This Before-and-after Controlled Study study evaluates the clinical impact of parathyroid autofluorescence visualization using near infrared light (NIR) during total thyroidectomy (TT).

It compares two groups of consecutive patients who underwent TT associated or not to lymph node dissection (LND) with and without intraoperative use of NIR, by the same surgeon.

Detailed Description

Total thyroidectomy (TT) is responsible for postoperative hypocalcemia in 20-30% of patients, which is definitive in 1-4% of operated patients (1).

This complication is mainly due to surgery-induced parathyroid dysfunction, which could be improved by a better intraoperative identification of the parathyroids.

Intraoperative parathyroid auto-fluorescence visualization (without any dye injection) using near infrared light (NIR) is an emerging technique, which allows correct identification of normal parathyroids in almost all cases (2), but the clinical impact of NIR is unknown.

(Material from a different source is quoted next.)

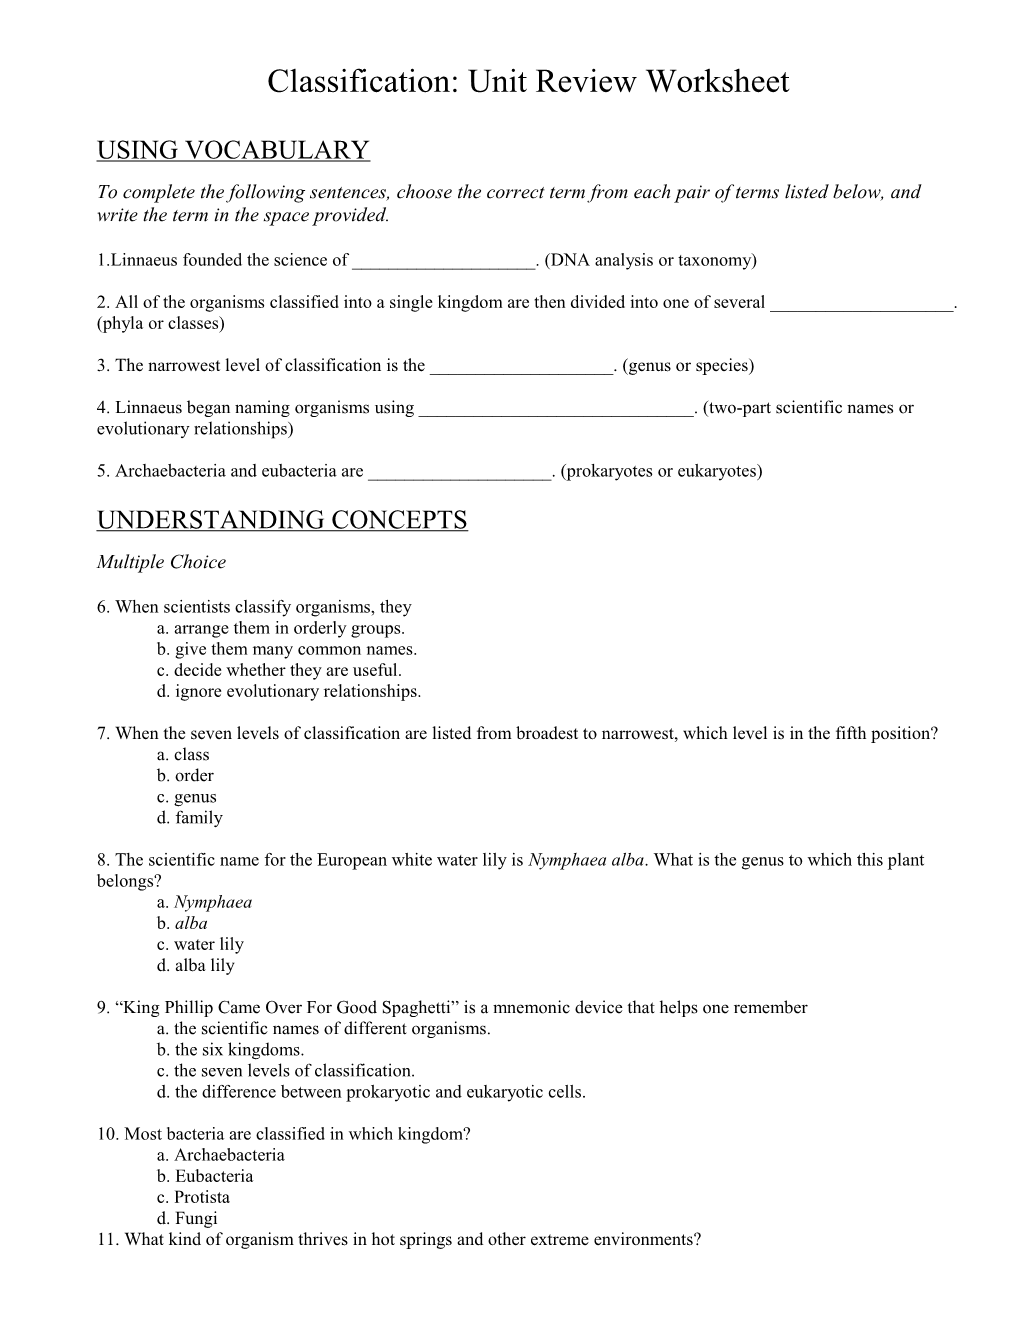 Classification: Unit Review Worksheet

The main objective of this study is to assess the impact of intraoperative use of NIR camera on postoperative hypocalcemia. Secondary objectives are to assess the impact of NIR on the visualization, autotransplantation and inadvertent resection rates during TT.

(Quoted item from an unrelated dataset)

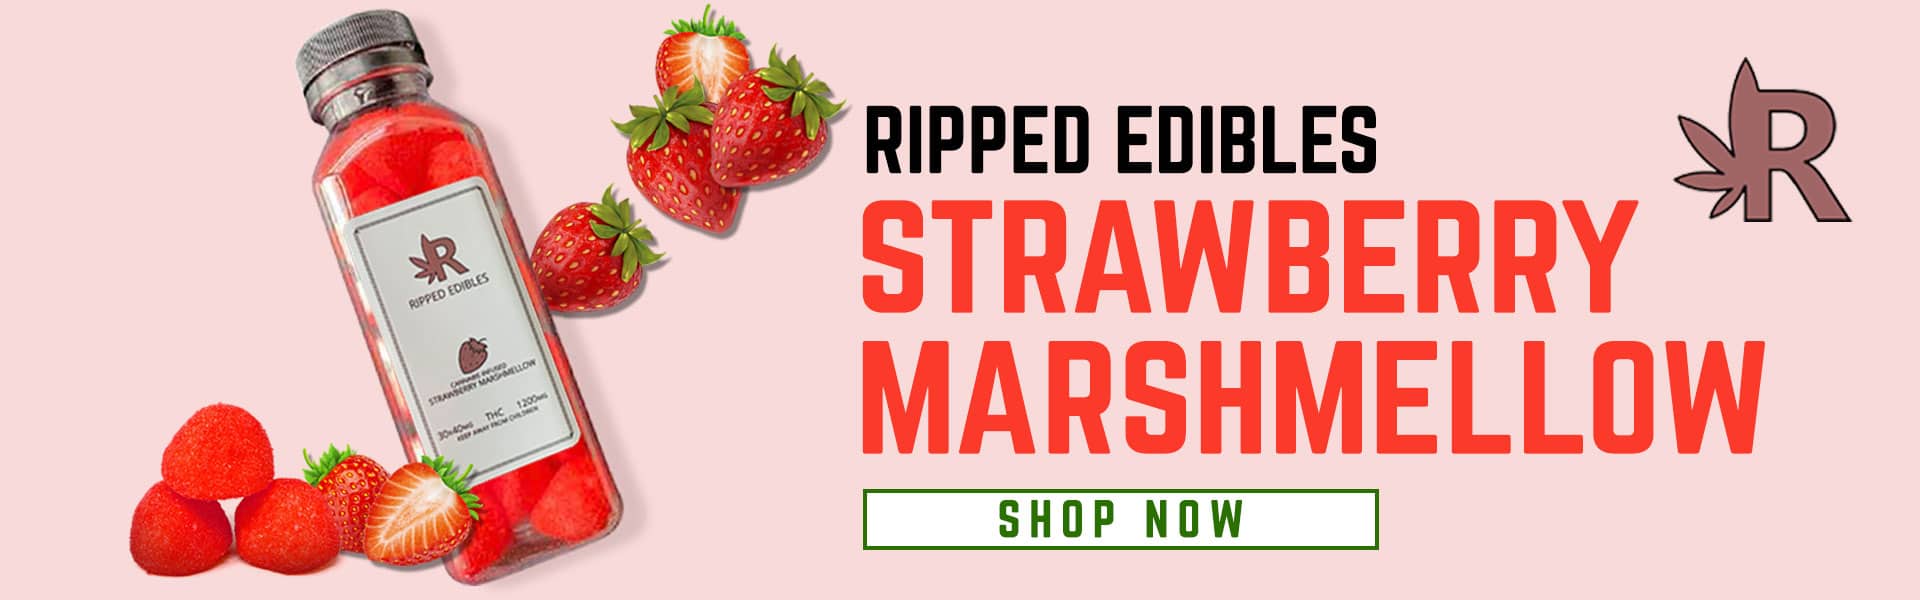 Re Strawberry Marshmellow Banner 1920x600 1

The investigators compare 2 groups of patients operated by one surgeon during 2 consecutive but distinct periods (before and after the use of NIR) with control groups operated by another surgeon during the same periods. This study is observational since there was no predefined protocol nor sample size calculation of study groups prior to data collection.

Recruitment & Eligibility

Status
COMPLETED
Sex
All
Target Recruitment
297
Inclusion Criteria
  • All patients who underwent one-stage total thyroidectomy, associated or not to lymph node dissection (TT +/- LND)
Exclusion Criteria
  • Combined parathyroid and thyroid disease (including patients with enlarged parathyroids incidentally found during surgery and resected)

Study & Design

Study Type
OBSERVATIONAL
Study Design
Not specified
Primary Outcome Measures
NameTimeMethod
Postoperative hypocalcemia6 months

Postoperative day 1 and day 2 corrected calcemia(hypocalcemia when calcemia \<2mmol/l). If hypocalcemia, calcium is measured at 1 month and 6 months

Secondary Outcome Measures
NameTimeMethod
number of identified parathyroidsimmediate (intraoperative)
number of autotransplantated parathyroidsimmediate (intraoperative)

when parathyroids are impossible to preserve in situ, they are fragmented and inserted in the sternocleidomastoid muscle

number of inadvertently resected parathyroidswithin 15 days after surgery (time to complete pathology examination)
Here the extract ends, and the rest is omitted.